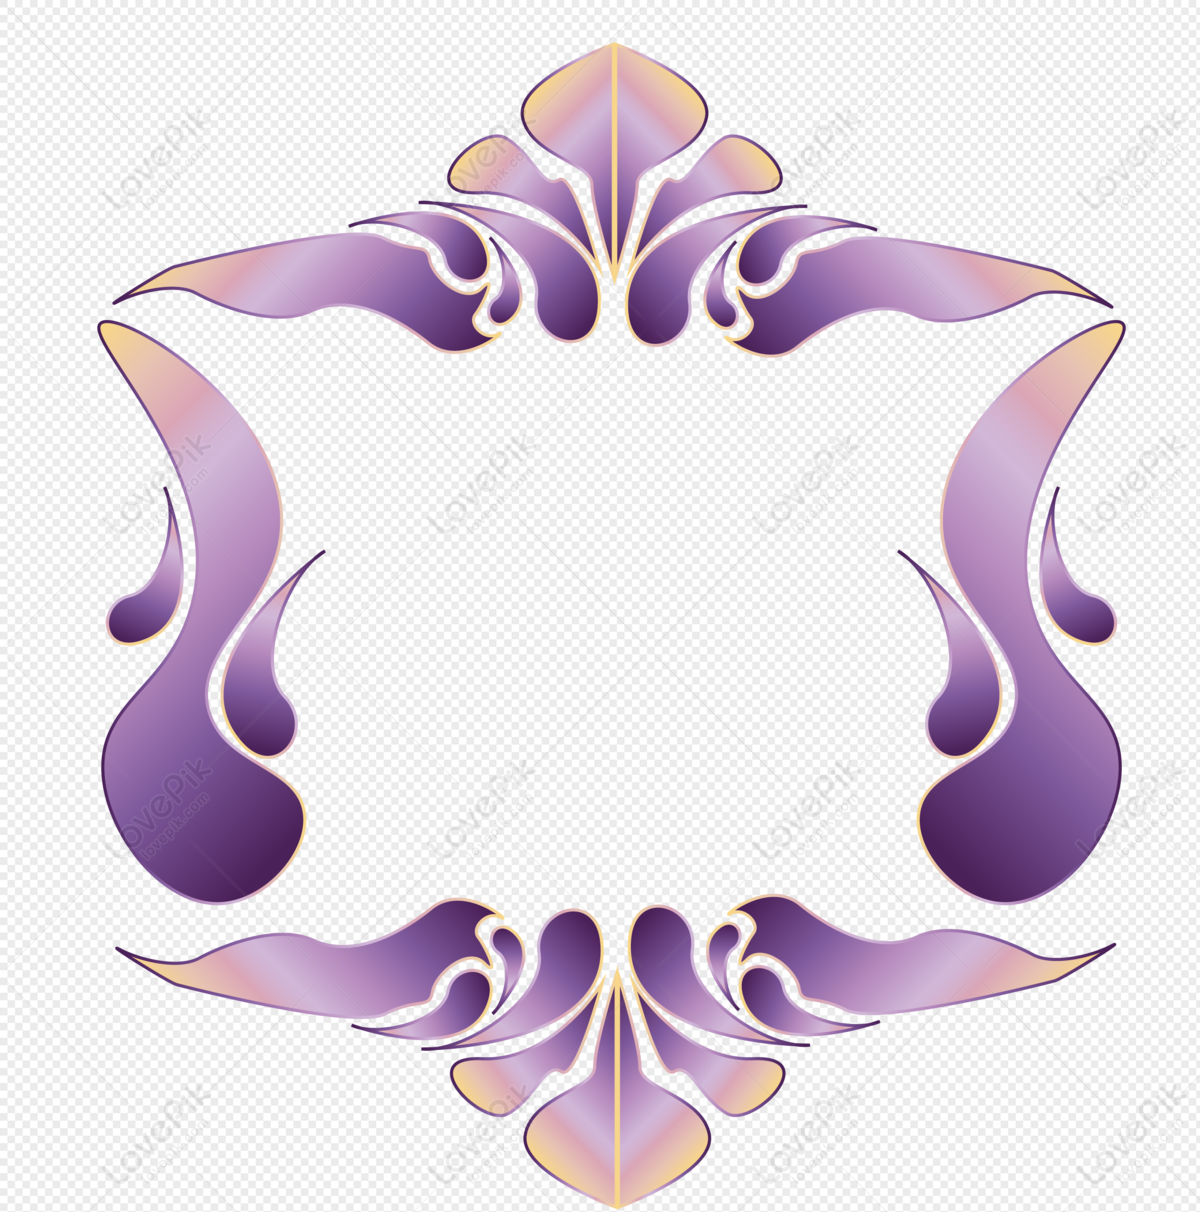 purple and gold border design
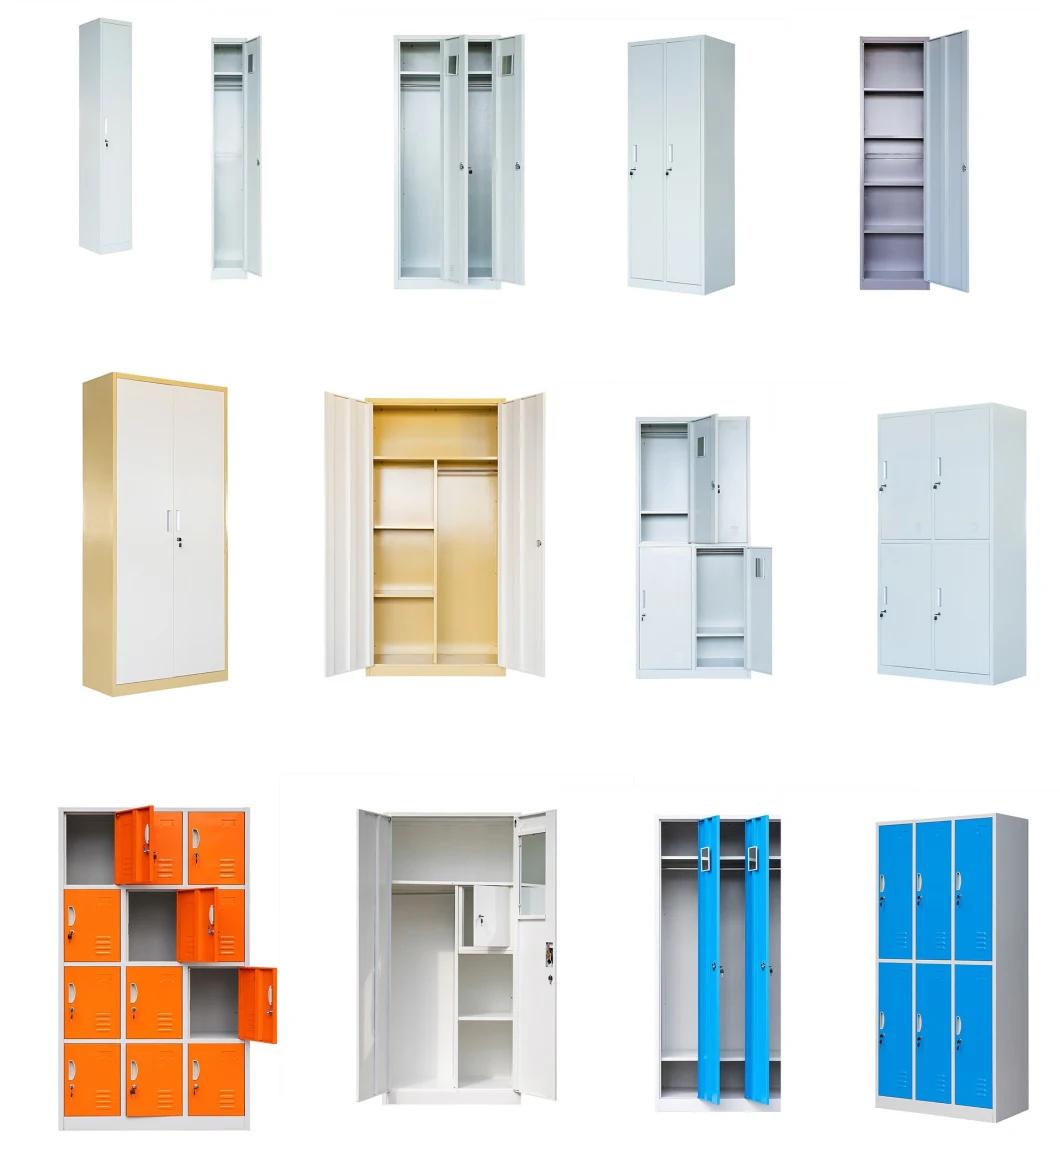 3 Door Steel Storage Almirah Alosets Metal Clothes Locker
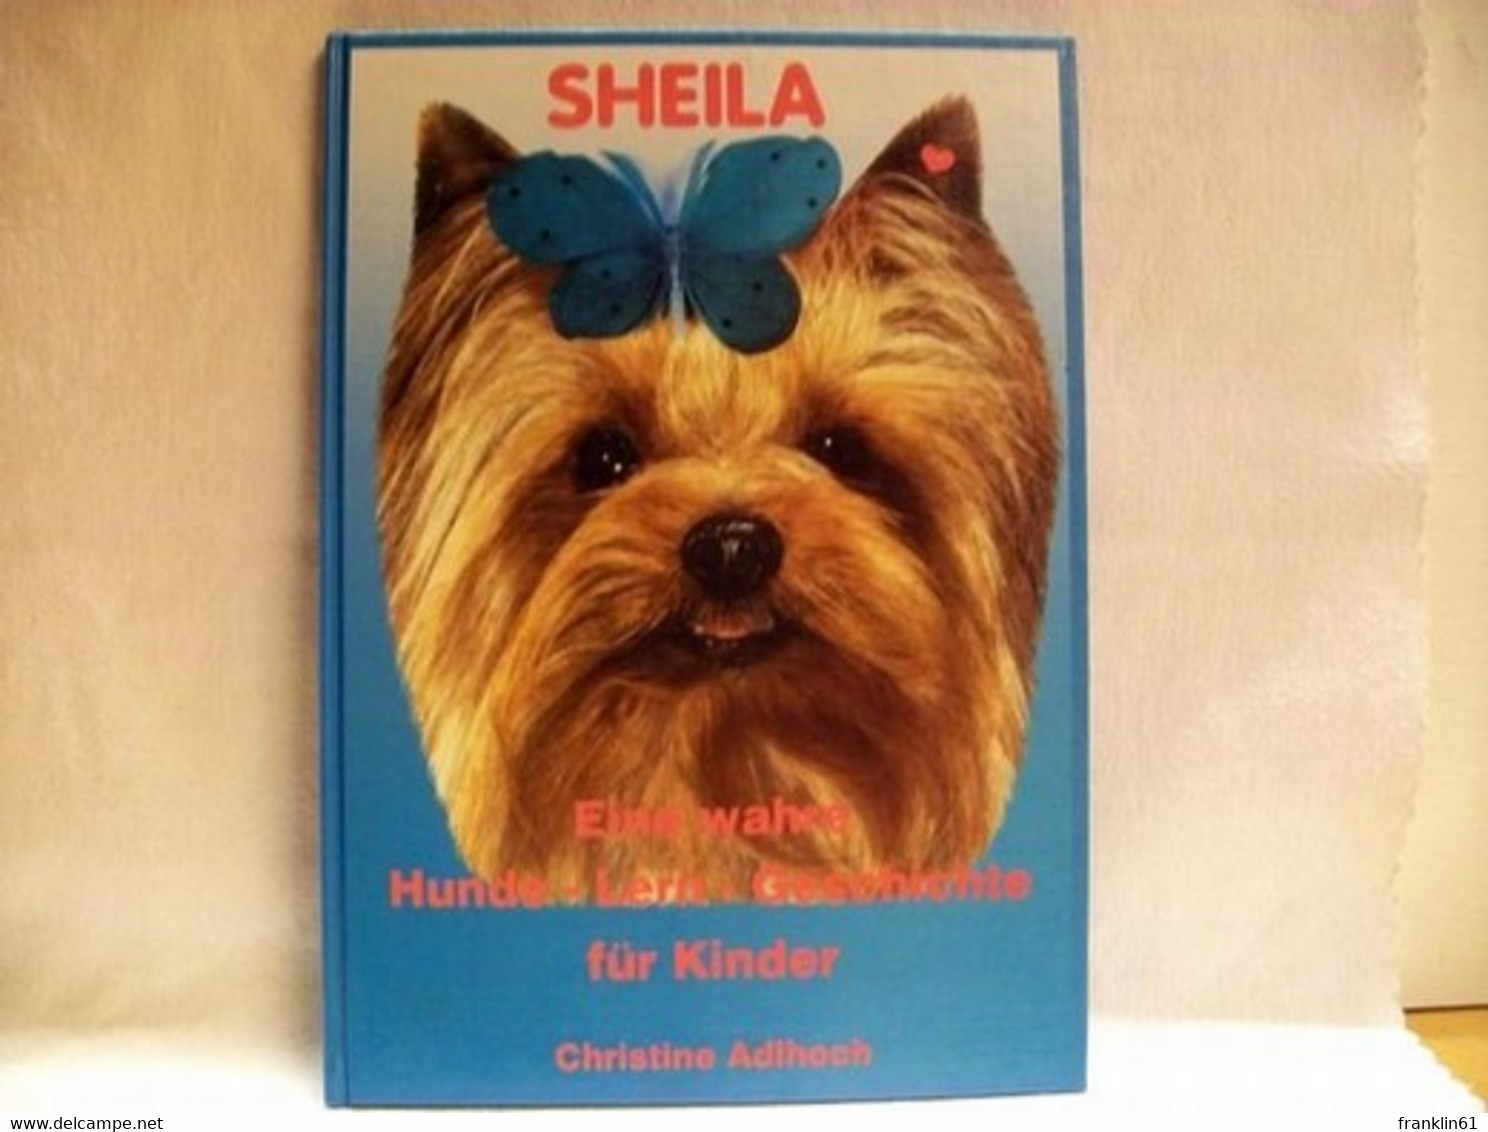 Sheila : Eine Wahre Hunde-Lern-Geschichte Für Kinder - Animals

----------

Please retype the listing exactly, leaving out any images.

- [REPLY]
 purple and gold border design
 3 Door Steel Storage Almirah Alosets Metal Clothes Locker
 Sheila : Eine Wahre Hunde-Lern-Geschichte Für Kinder - Animals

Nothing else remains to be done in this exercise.